Audio Retrieval with Natural Language Queries: A Benchmark Study

Related tags

Audioaudio-retrieval
Overview

Audio Retrieval with Natural Language Queries: A Benchmark Study

Paper | Project page | Text-to-audio search demo


This repository is the implementation of Audio Retrieval with Natural Language Queries: A Benchmark Study which builds on the Audio Retrieval with Natural Language Queries repository and provides code for downloading the SoundDescs dataset and for reproducing all result from Audio Retrieval with Natural Language Queries: A Benchmark Study. The code is based on the Use What You Have: Video retrieval using representations from collaborative experts and MMT: Multi-modal Transformer for Video Retrieval repositories.

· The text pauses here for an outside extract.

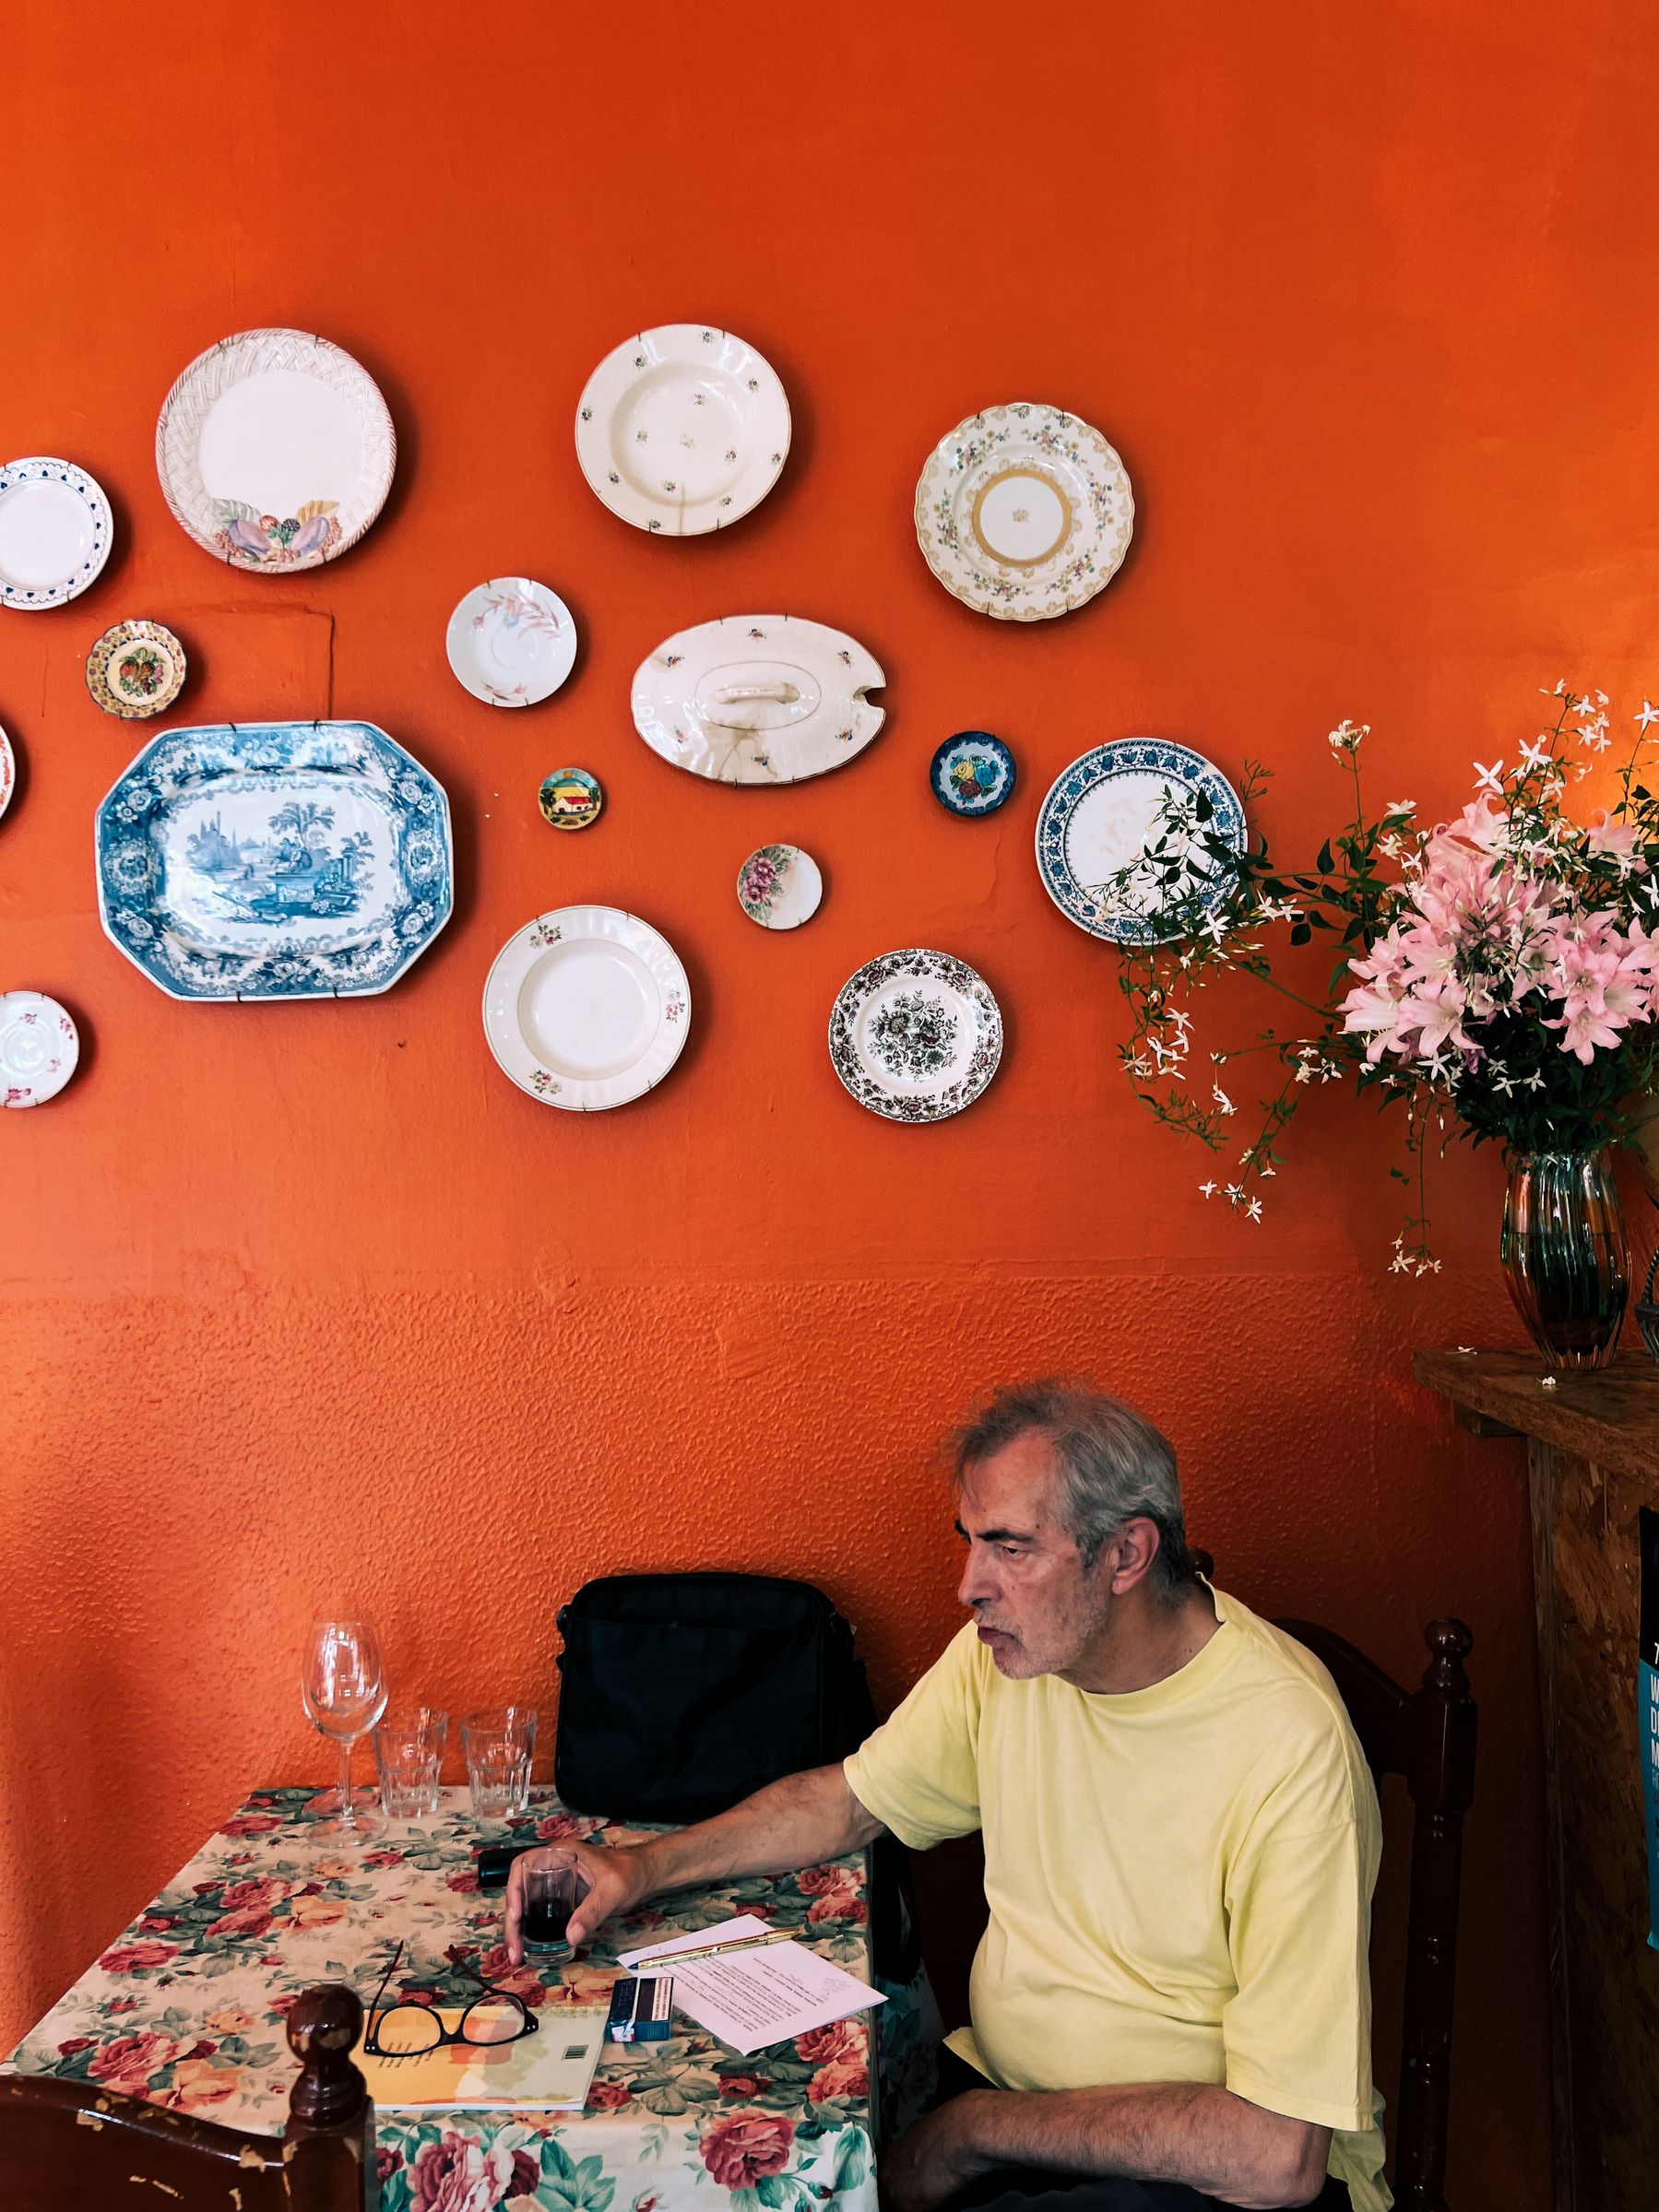 A man has a drink. Orange wall behind him, with hanging plates.

The datasets used in this paper are SoundDescs, AudioCaps, CLOTHO, Activity-Net and QuerYD.

Requirements and datasets

The required libraries for running this code can be found in requirements.txt. Cuda 10.1 and Python 3.7 were used.

conda create --name audio-retrieval python=3.7
conda activate audio-retrieval
pip install -r requirements.txt
conda install -c conda-forge ffmpeg

To be able to run the code below, features extracted from various datasets need to be downloaded. If there is not enough space in your working location to store some of these features (for SoundDescs and AudioCaps the files are larger than 6GB while the others are under 1GB) then you will need to create a folder called data inside this repository which should be a symlink to a folder where enogh memory exists. As an example, run the following from the audio-retrieval-benchmark base directory:

ln -s 
   
     data

   

To download features for the AudioCaps, Clotho, Activity-Net, and QuerYD datasets, follow the steps here. The SoundDescs features can be downloaded analogously:

python3 misc/sync_experts.py --dataset SoundDescs

In case you want to use the raw audio data for the SoundDescs, we explain how to download the SoundDescs dataset below.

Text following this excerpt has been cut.